Journal of Environmental Law and Litigation
- Discipline: Environmental law
- Language: English
- Edited by: Amber Lesher

Publication details
- History: 1986-present
- Publisher: University of Oregon School of Law
- Frequency: Biannually

Standard abbreviations
- Bluebook: J. Envtl. L. & Litig.
- ISO 4: J. Environ. Law Litig.

Indexing
- ISSN: 1049-0280
- LCCN: 87655779
- OCLC no.: 13326045

Links
- Journal homepage;

= Journal of Environmental Law and Litigation =

The Journal of Environmental Law and Litigation is a student-run law review published at University of Oregon School of Law. The journal publishes articles and essays about environmental law, natural resources law, and litigation relating to these fields.

== History and overview==
The journal was founded in 1986 by participants at the University of Oregon School of Law's Western Public Interest Law Conference. The founding editors intended for the journal to be a forum for scholarship relating to "citizen enforcement of public [environmental] laws." In 1994, the journal began publishing on a biannual basis.

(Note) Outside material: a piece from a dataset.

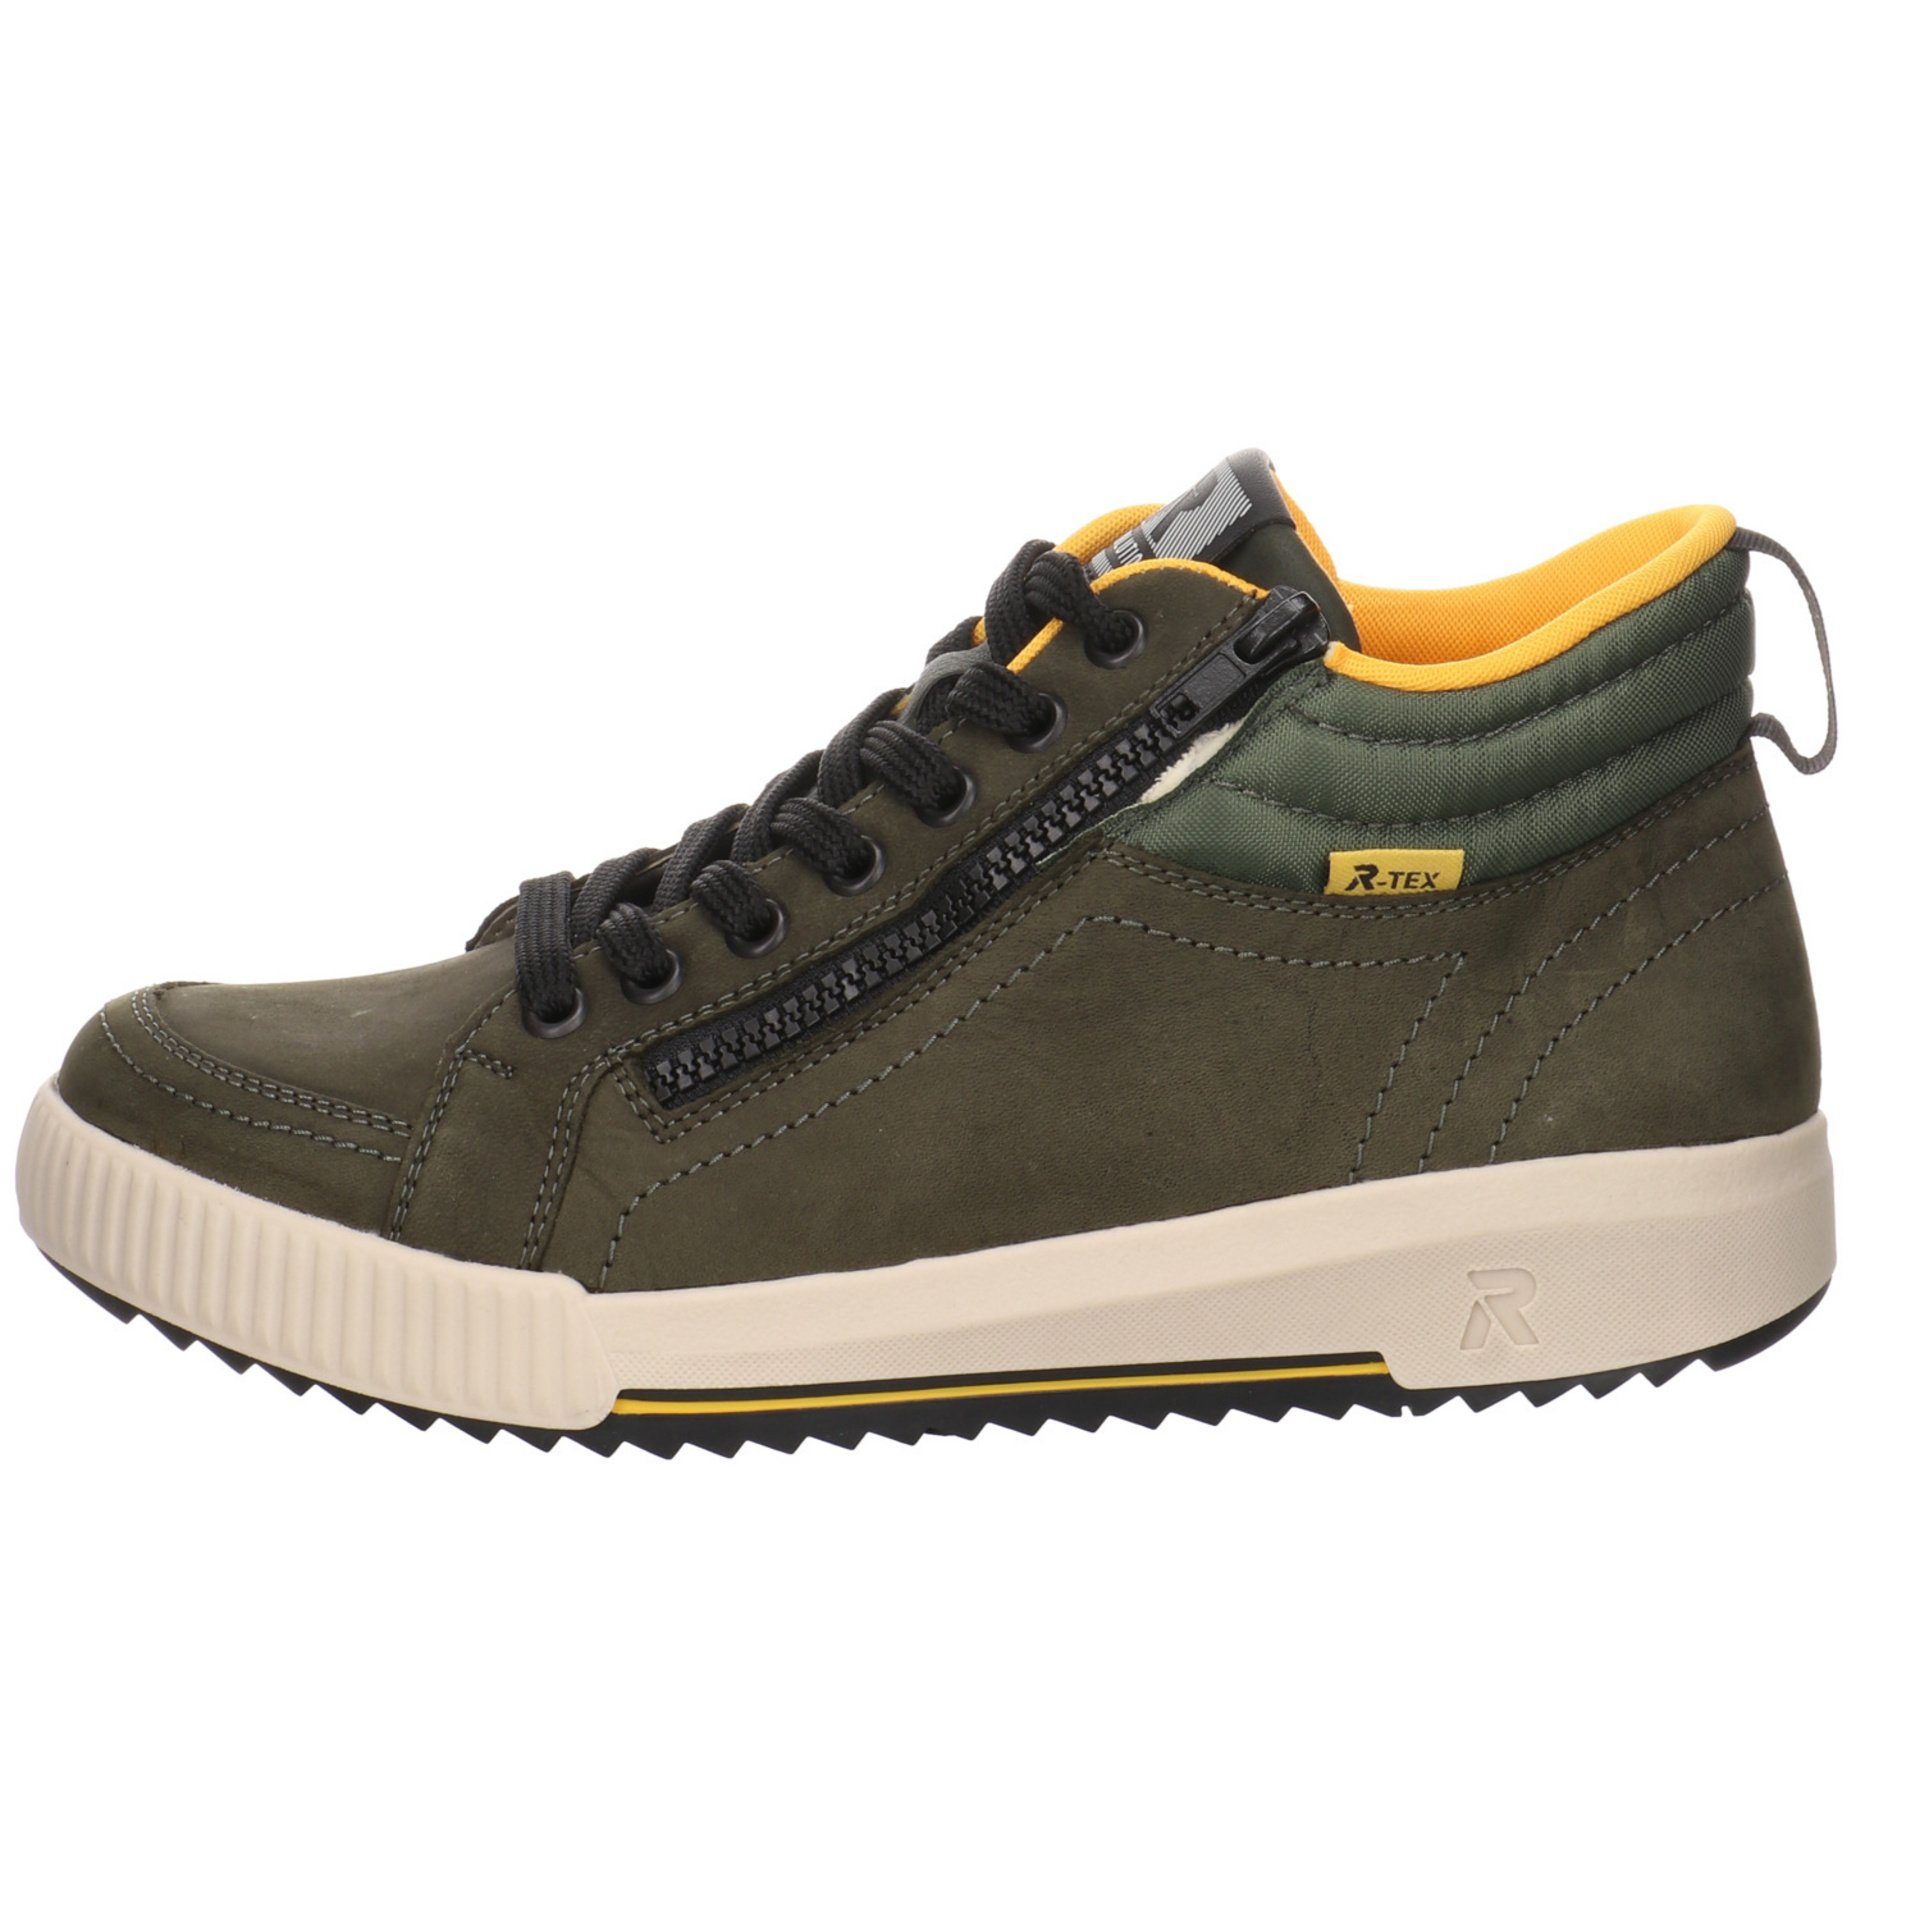 Stiefeletten Rieker Boots Damen moor/olive/forest Leder-/Textilkombination R-Evolution Schuhe Schnürstiefelette

The 2016 Washington and Lee University Law Journal Rankings placed the journal among the twenty five highest rated environmental, natural resources, and land use law journals. Additionally, the journal was ranked among the top eleven environmental, natural resources, and land use law journals most frequently cited by cases. Articles in the journal have been cited by the Second, Third, Eighth, and Ninth Courts of Appeals. Occasionally, the journal has published issues relating to symposia sponsored by the University of Oregon School of Law.

== Abstracting and indexing ==
The journal is abstracted or indexed in EBSCO databases, HeinOnline, LexisNexis, Westlaw, and the University of Washington's Current Index to Legal Periodicals. Tables of contents are also available through Infotrieve and Ingenta, and the journal hosts an archive of past issues on its website.